[TASK TO COMPLETE]
Below is a listing; retype exactly the lines between the one containing "ランドマークプラザ 入口" and the one containing "Pijama bebê menina", inclusive, minus the pictures.

[SUPPLIED ENTRIES]
--- START ---
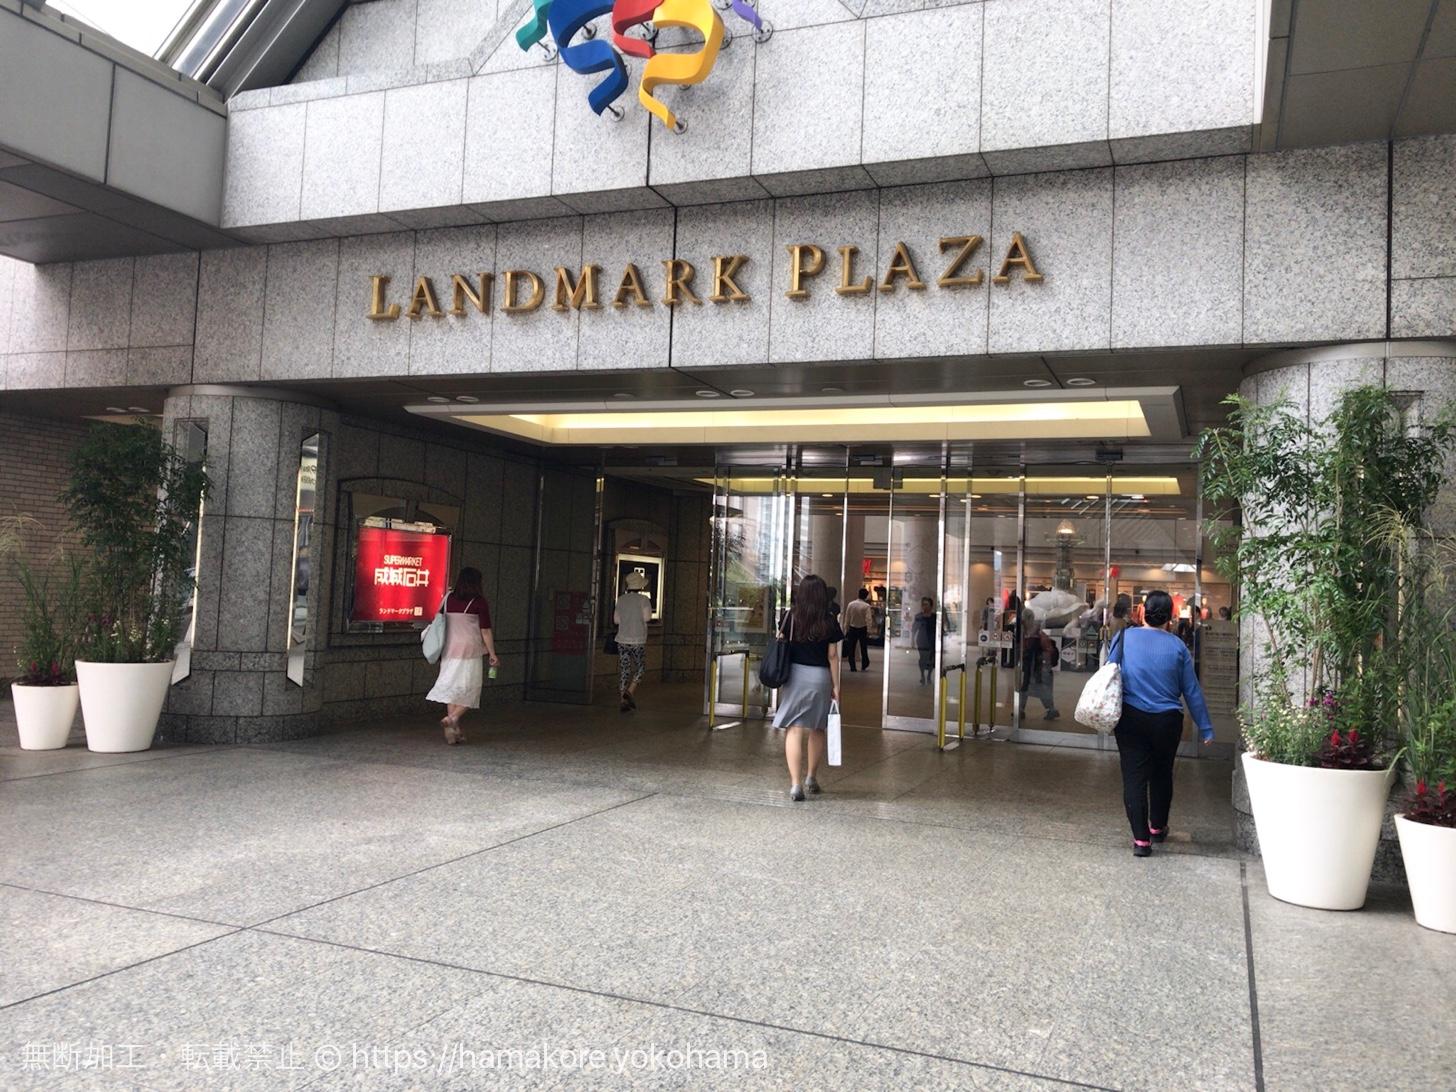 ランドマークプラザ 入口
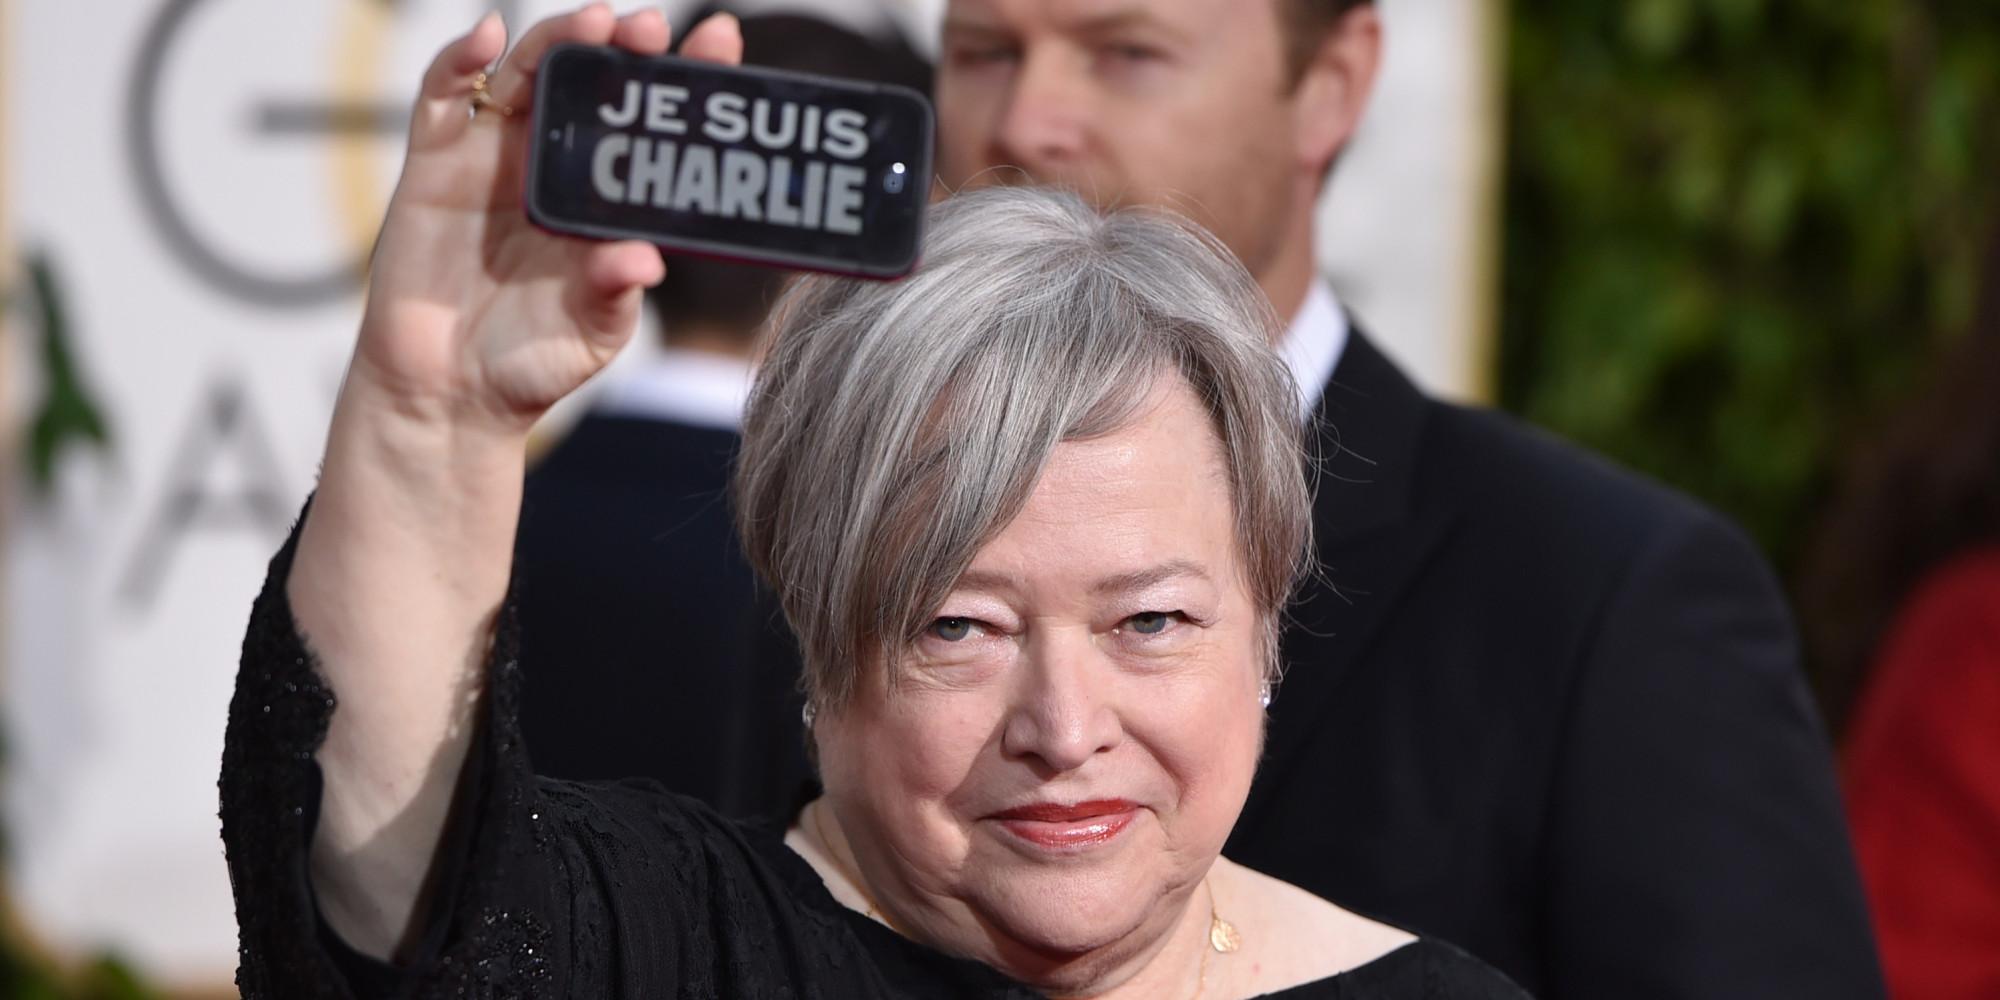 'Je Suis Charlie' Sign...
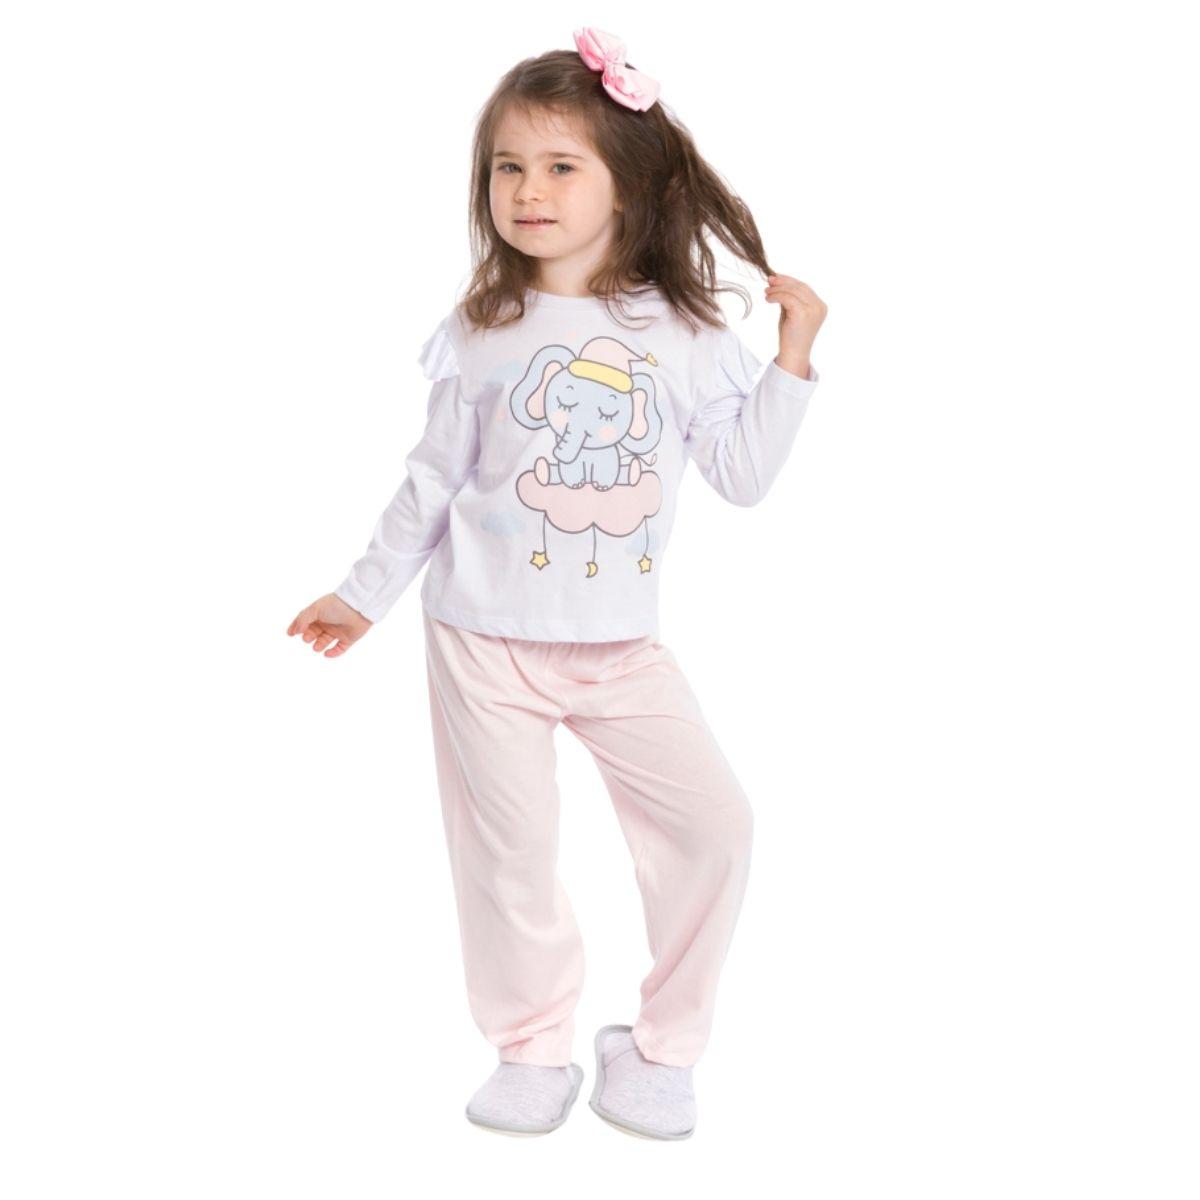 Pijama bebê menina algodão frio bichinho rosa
--- END ---
--- START ---
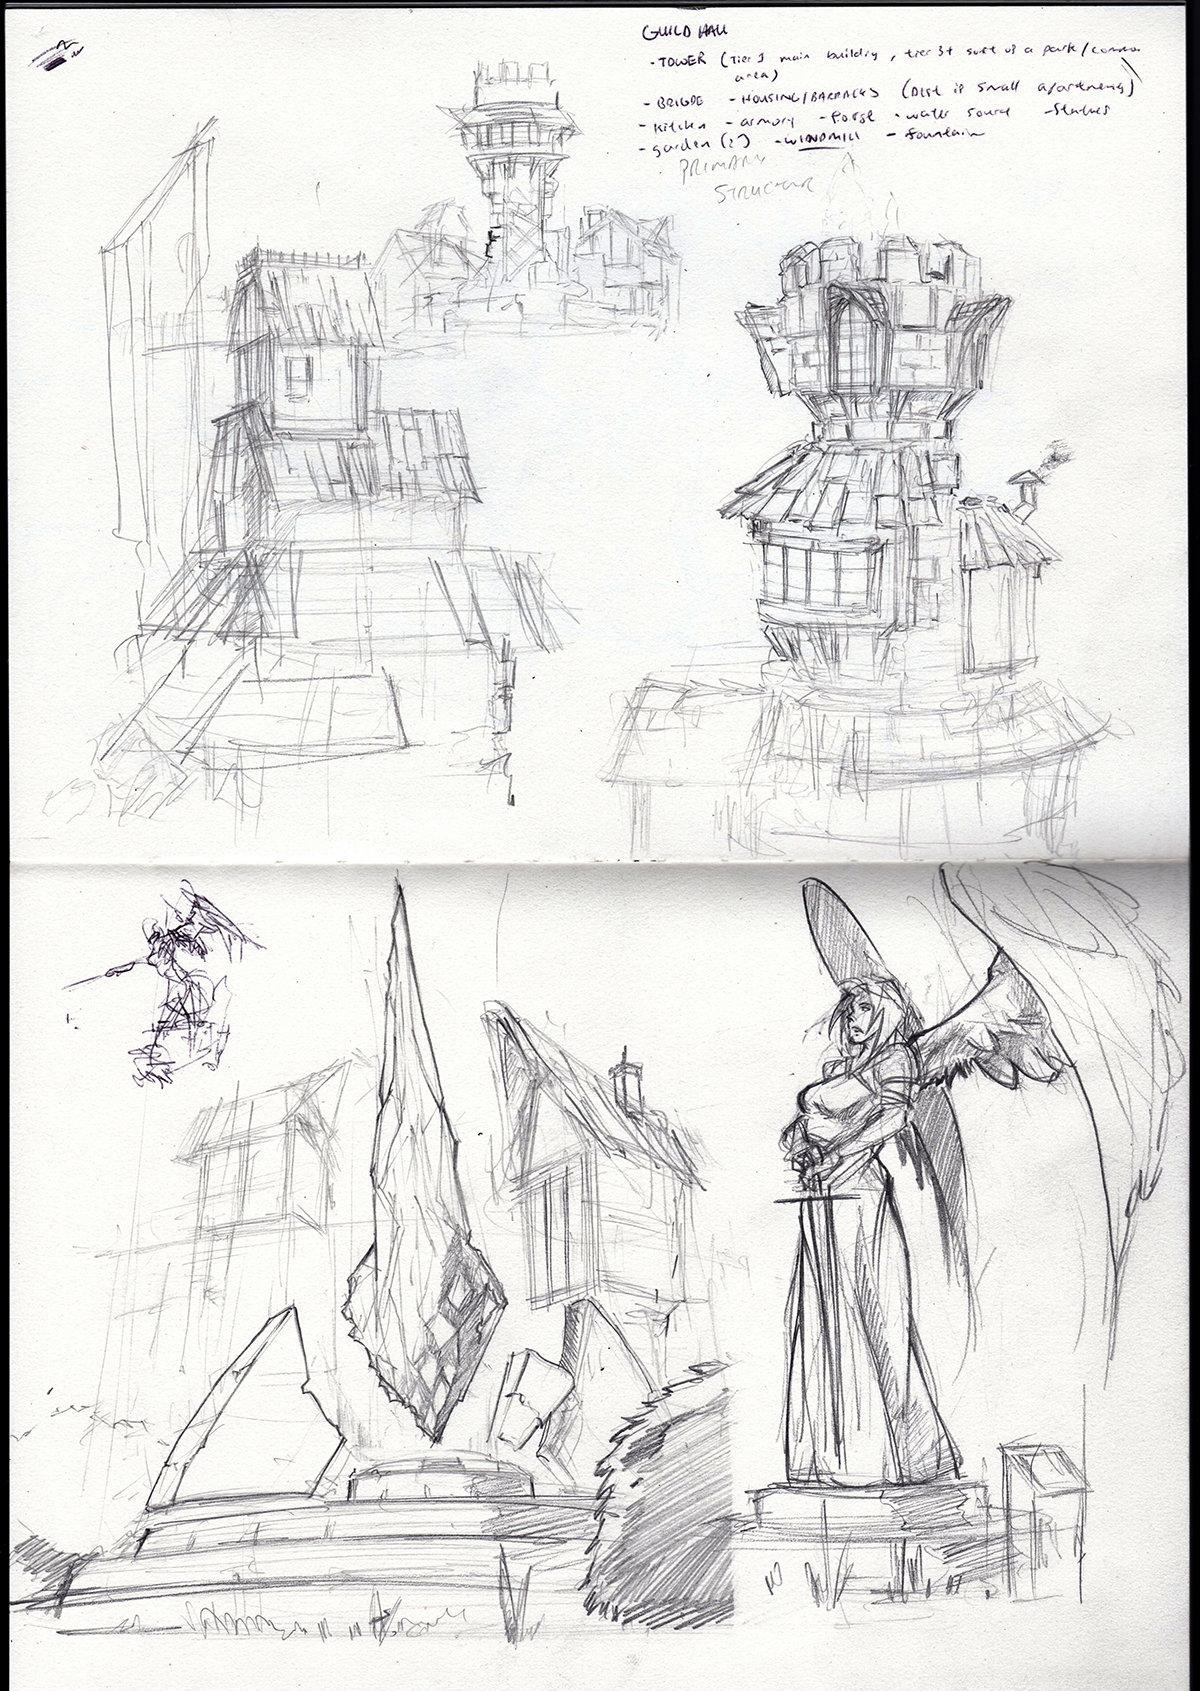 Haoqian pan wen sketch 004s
--- END ---
--- START ---
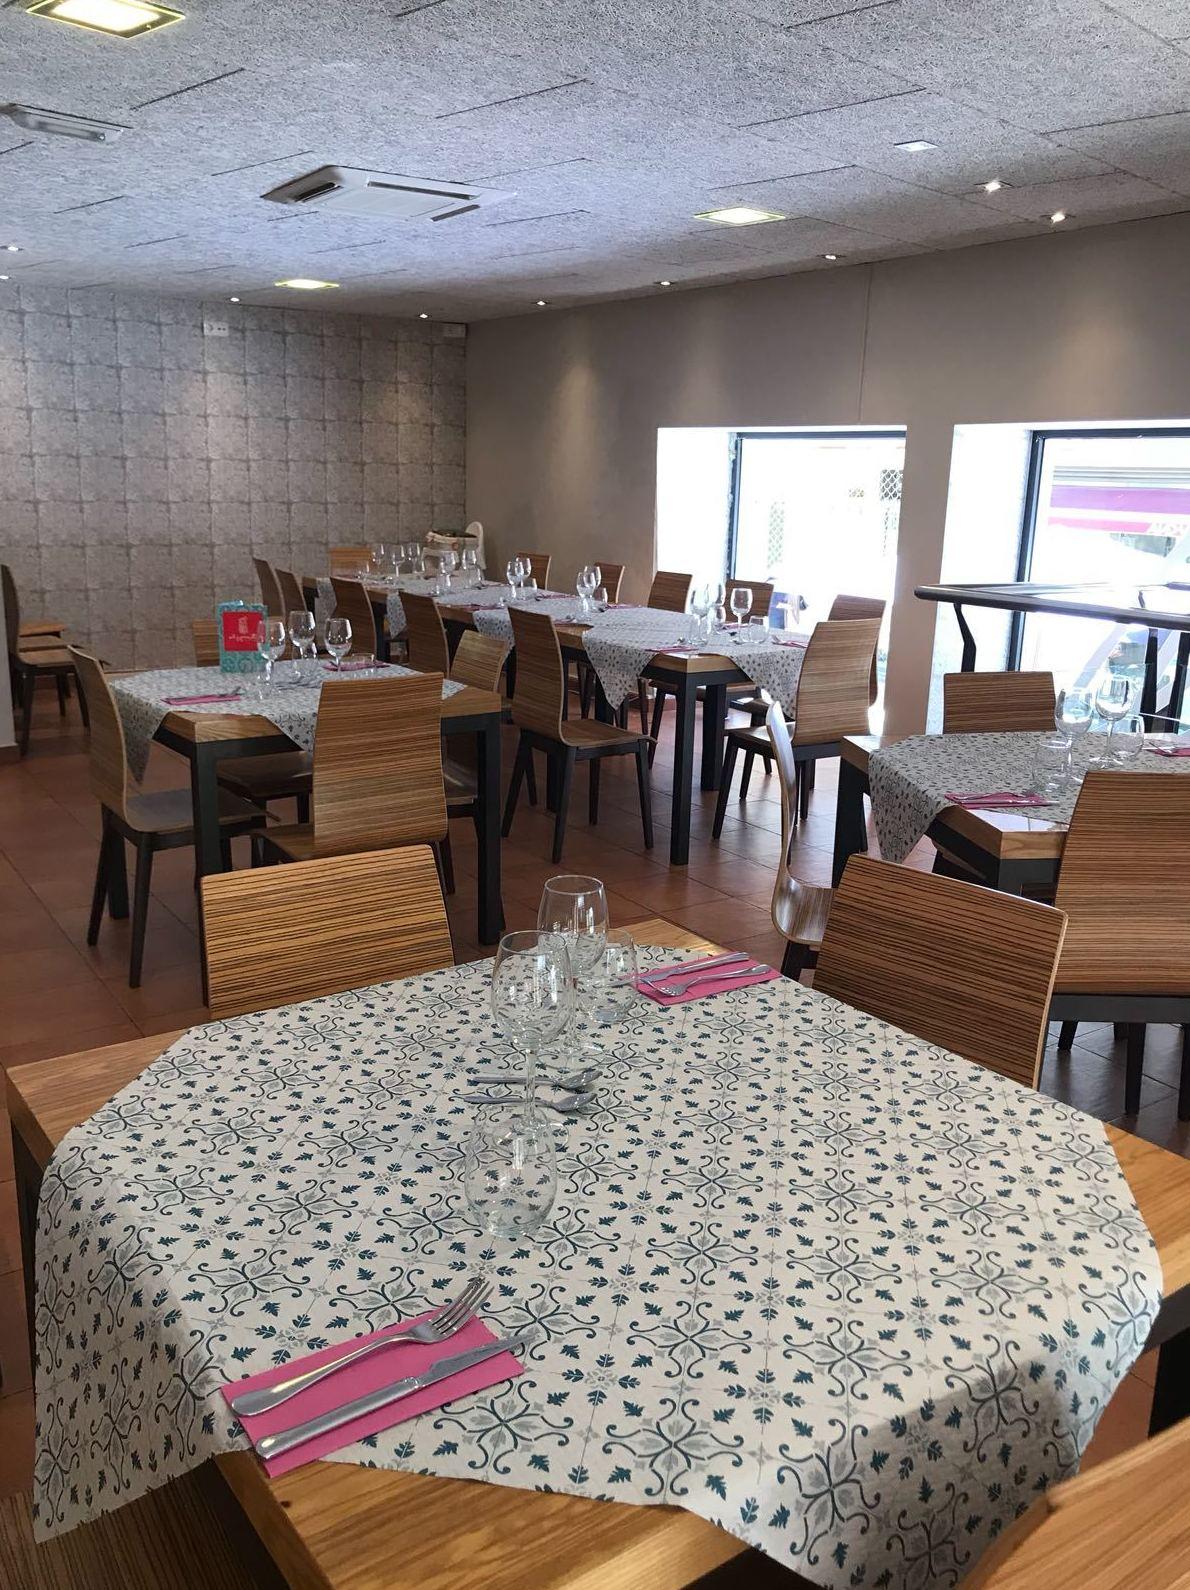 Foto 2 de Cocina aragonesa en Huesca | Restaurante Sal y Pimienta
--- END ---
[REPLY TO THE EXERCISE]
 ランドマークプラザ 入口
 'Je Suis Charlie' Sign...
 Pijama bebê menina algodão frio bichinho rosa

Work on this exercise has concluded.